Something as simple as a blood test could now be used to asses your risk of having a heart attack in the next five years.
The study by Imperial College London and University College London revealed that measuring the levels of antibodies in the blood can become a key marker in predicting how well-prepared a person's body is for protecting against a heart attack.
The antibody lgG is the most common in the body and is used to protect against bacterial and viral infections.
Measuring this antibody is relatively cheap which means that in the future it could become far easier for clinicians to more accurately determine a person's risk of having a heart attack.
Coronary heart disease is the UK's single biggest killer and the leading cause of death in the world. 70,000 people in the UK die each year from the disease.
This study is the first time that researchers have been able to pair a strong immune system to the body's ability to prevent a heart attack.
Dr Ramzi Khamis, consultant cardiologist and Independent Clinical Research Fellow at the National Heart and Lung Institute, Imperial College London, said: “Linking a stronger, more robust immune system to protection from heart attacks is a really exciting finding."

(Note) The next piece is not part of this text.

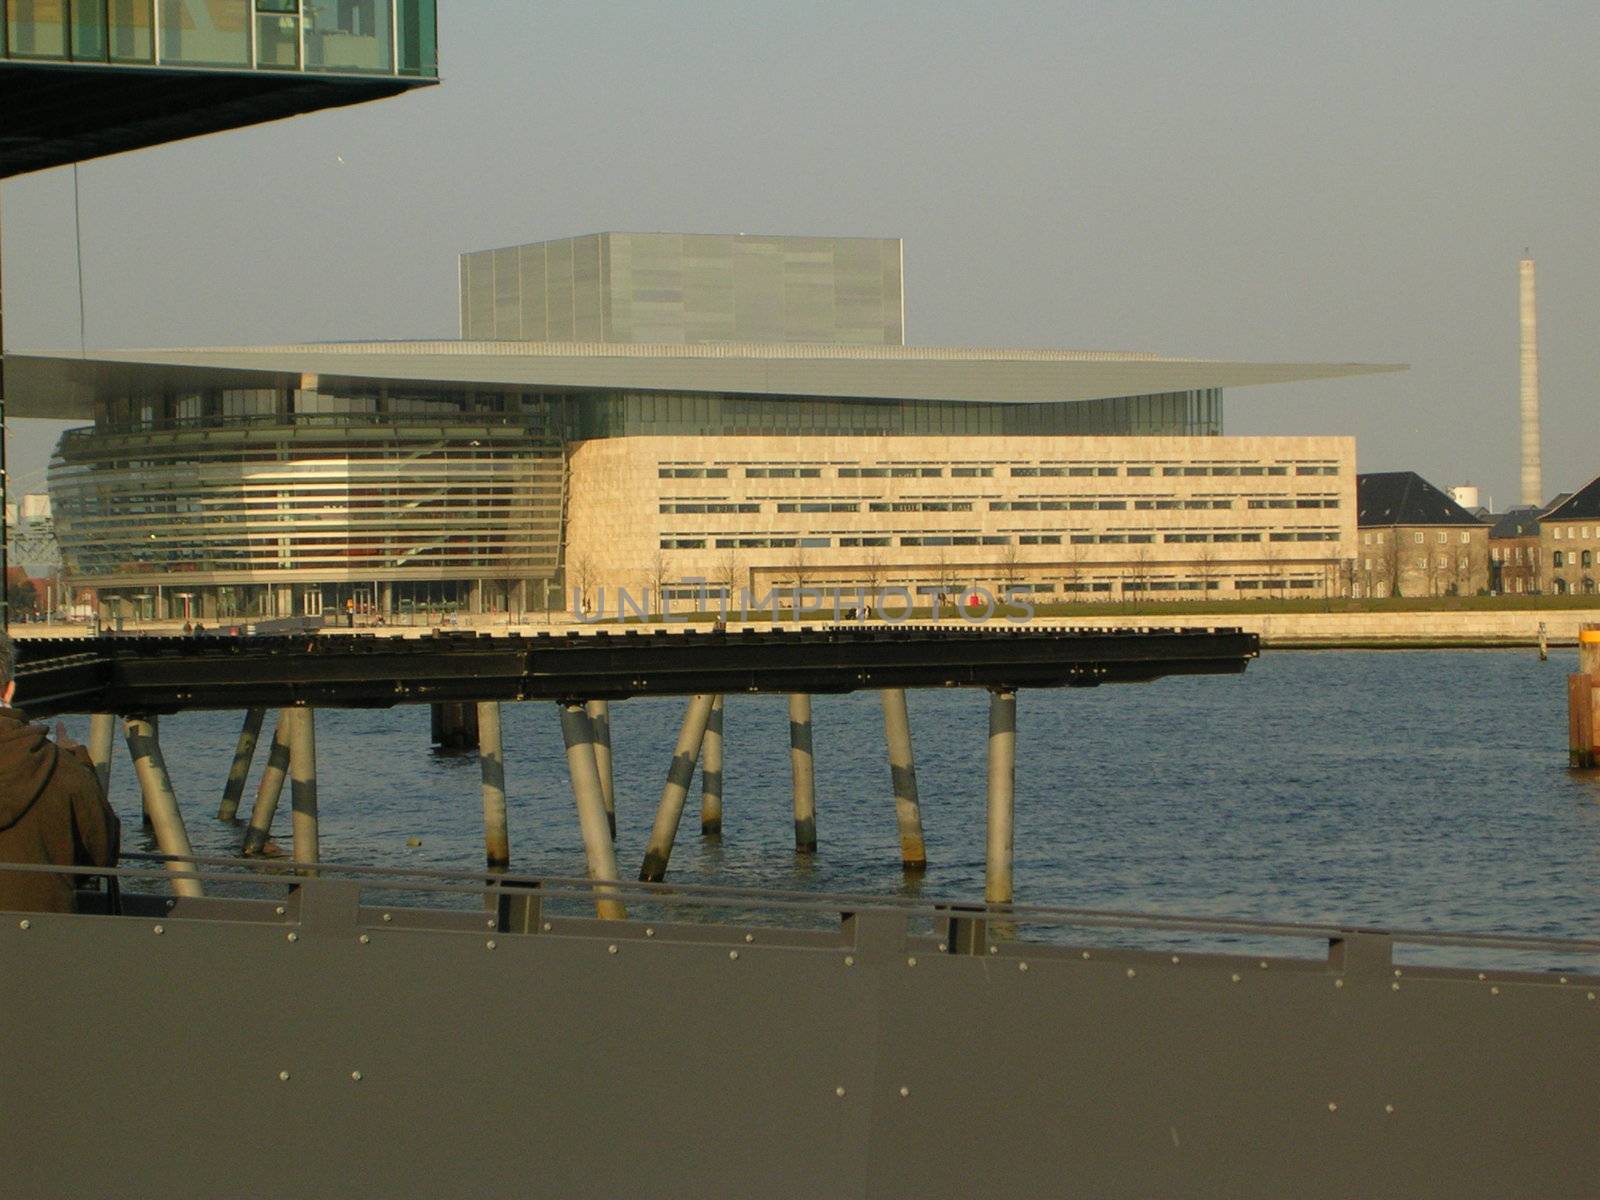 Copenhagen Opera House by photo4dreams

“We hope that we can use this new finding to study the factors that lead some people to have an immune system that helps protect from heart attacks, while others don’t. We also hope to explore ways of strengthening the immune system to aid in protecting from heart disease.”

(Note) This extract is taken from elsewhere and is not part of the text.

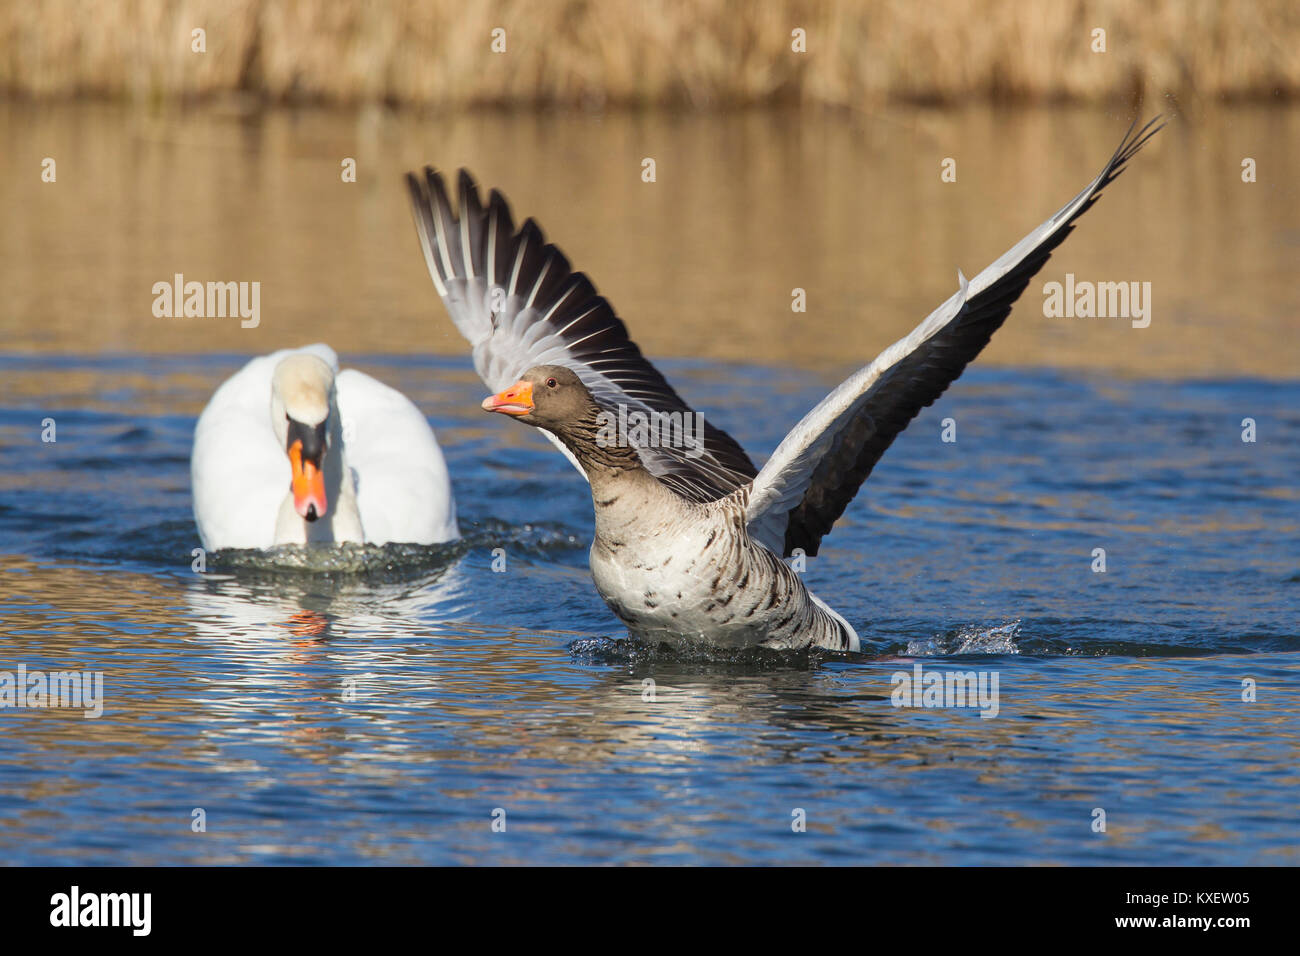 Territorial mute swan (Cygnus olor) chasing away greylag goose / graylag goose (Anser anser) swimming in lake Stock Photo

This could mean that some people who had previously been considered at high-risk of a heart attack actually already have the immune system in place to protect them.
Professor Jeremy Pearson, Associate Medical Director at the British Heart Foundation, which helped fund the research, said: “Whether measurement of IgG will become a valuable tool for improving prediction of heart attack needs more investigation, but this well-designed study does provide further evidence for the role of the immune system in heart disease and the protective effects of IgG."
“Heart attacks devastate thousands of families across the UK each year and research like this is vital to improving diagnosis so doctors are able to act fast and try to prevent a potentially deadly incident.”